Creates Second Emergency Board for Long Island Rail Road Labor Dispute
What it does
This order establishes a three-member emergency board to investigate unresolved labor disputes between the Long Island Rail Road (LIRR) and five unions representing its employees. The board will conduct a "final offer" arbitration process — each side submits its best offer, and the board selects the most reasonable one within 30 days. Until 60 days after the board submits its report, neither the railroad nor the unions may change working conditions without mutual agreement, effectively preventing a strike or lockout during that period.
Who benefits
LIRR commuters who depend on the railroad for daily travel and would be disrupted by a work stoppage. Businesses and employers in the New York metropolitan area that rely on LIRR service for their workforce. Union members who gain a structured, neutral process to have their final offer evaluated. The Long Island Rail Road as an institution, which avoids the operational and financial damage of a strike. Taxpayers and government entities that fund or subsidize LIRR operations.
Who is affected
Union members whose ability to strike — a core labor tool — is temporarily suspended during the board's review period. The five labor organizations (TCU, BLET, BRS, IAMAW, IBEW) whose negotiating leverage is constrained while the status quo is frozen. Workers who may feel a neutral board's "most reasonable offer" selection does not fully reflect their bargaining position. Parties who disagreed with the first emergency board's recommendations and now face a second round of the same process.
Supporters argue
Supporters argue that the Railway Labor Act explicitly requires the president to establish a second emergency board upon request, making this order a mandatory and lawful exercise of statutory authority. They contend that the LIRR serves hundreds of thousands of commuters daily, and that a work stoppage would cause severe economic disruption to the New York metropolitan region, justifying the use of the RLA's dispute-resolution framework to protect the public interest while still giving both parties a fair hearing through the final-offer selection process.
Opponents argue
Opponents argue that the emergency board process, by temporarily barring strikes or lockouts, effectively strips unions of their most powerful bargaining tool and tilts the playing field toward management. They contend that repeated use of emergency boards can become a substitute for genuine collective bargaining, since both parties may hold back concessions in anticipation of a neutral board's intervention. Critics also note that if the board's selected offer does not satisfy the unions, underlying tensions remain unresolved and the dispute may resurface, making the process a delay rather than a true resolution.
Constitutional basis
Executive orders rest on constitutional authority or statutory delegation. This summary describes the legal grounding cited or implied by the order.

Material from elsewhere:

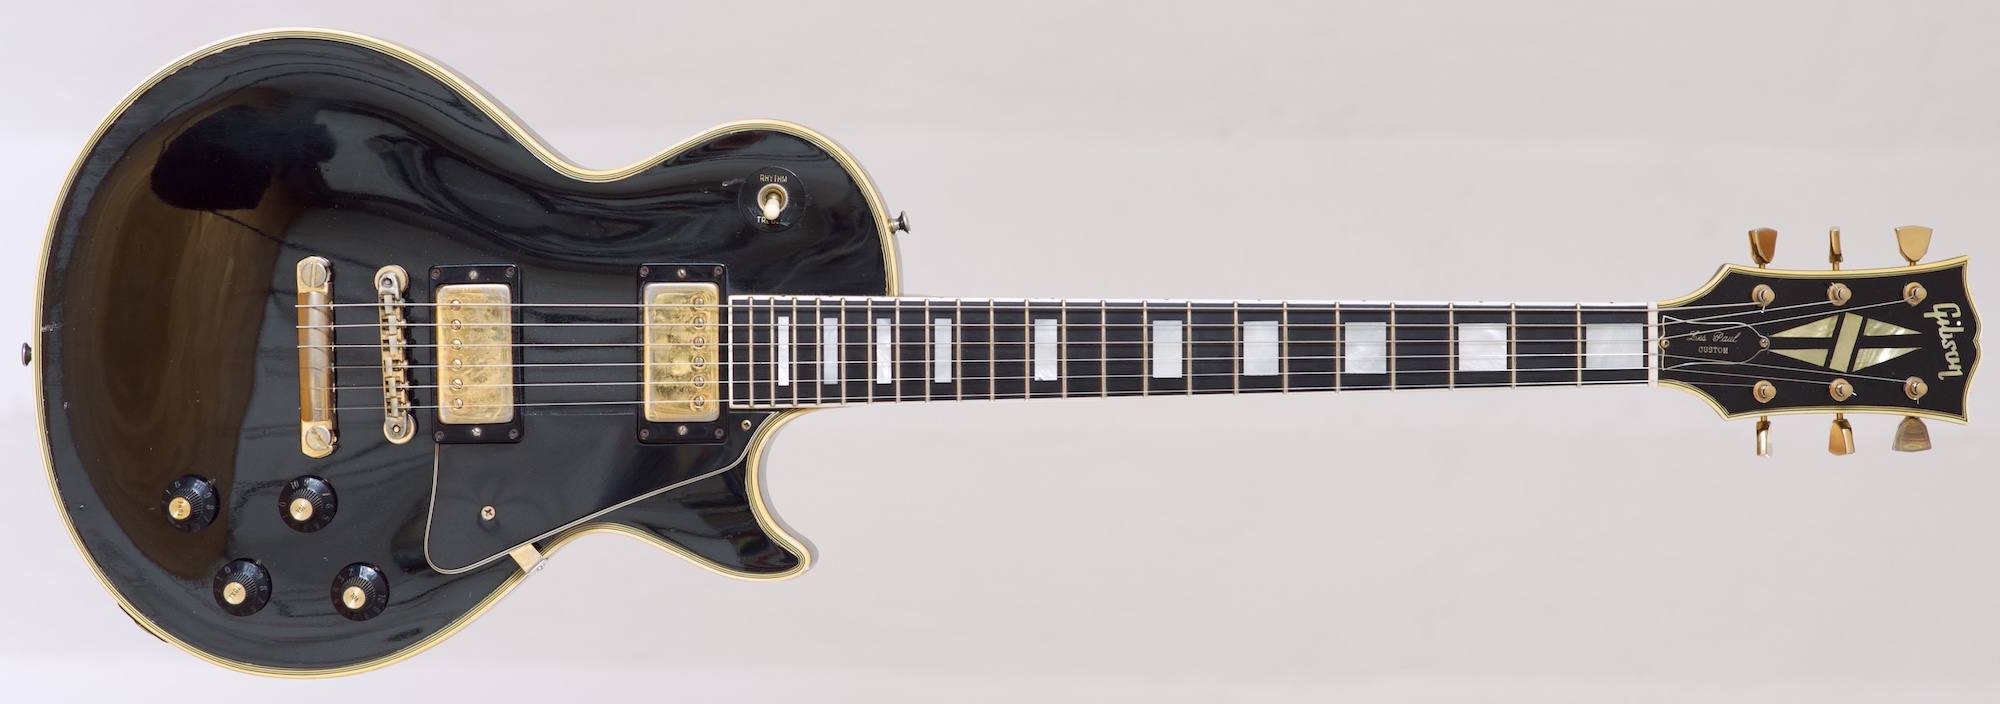 A Gibson Les Paul Custom from 1968

Authority is drawn from Section 9A of the Railway Labor Act, 45 U.S.C. §159a, which mandates that the president shall appoint a second emergency board upon request of an empowered party when a first board's recommendations are not accepted. This is a statutory delegation of authority to the executive branch, grounded in Congress's power to regulate interstate commerce (Article I, §8, cl. 3) and the president's Article II, §3 duty to take care that the laws are faithfully executed.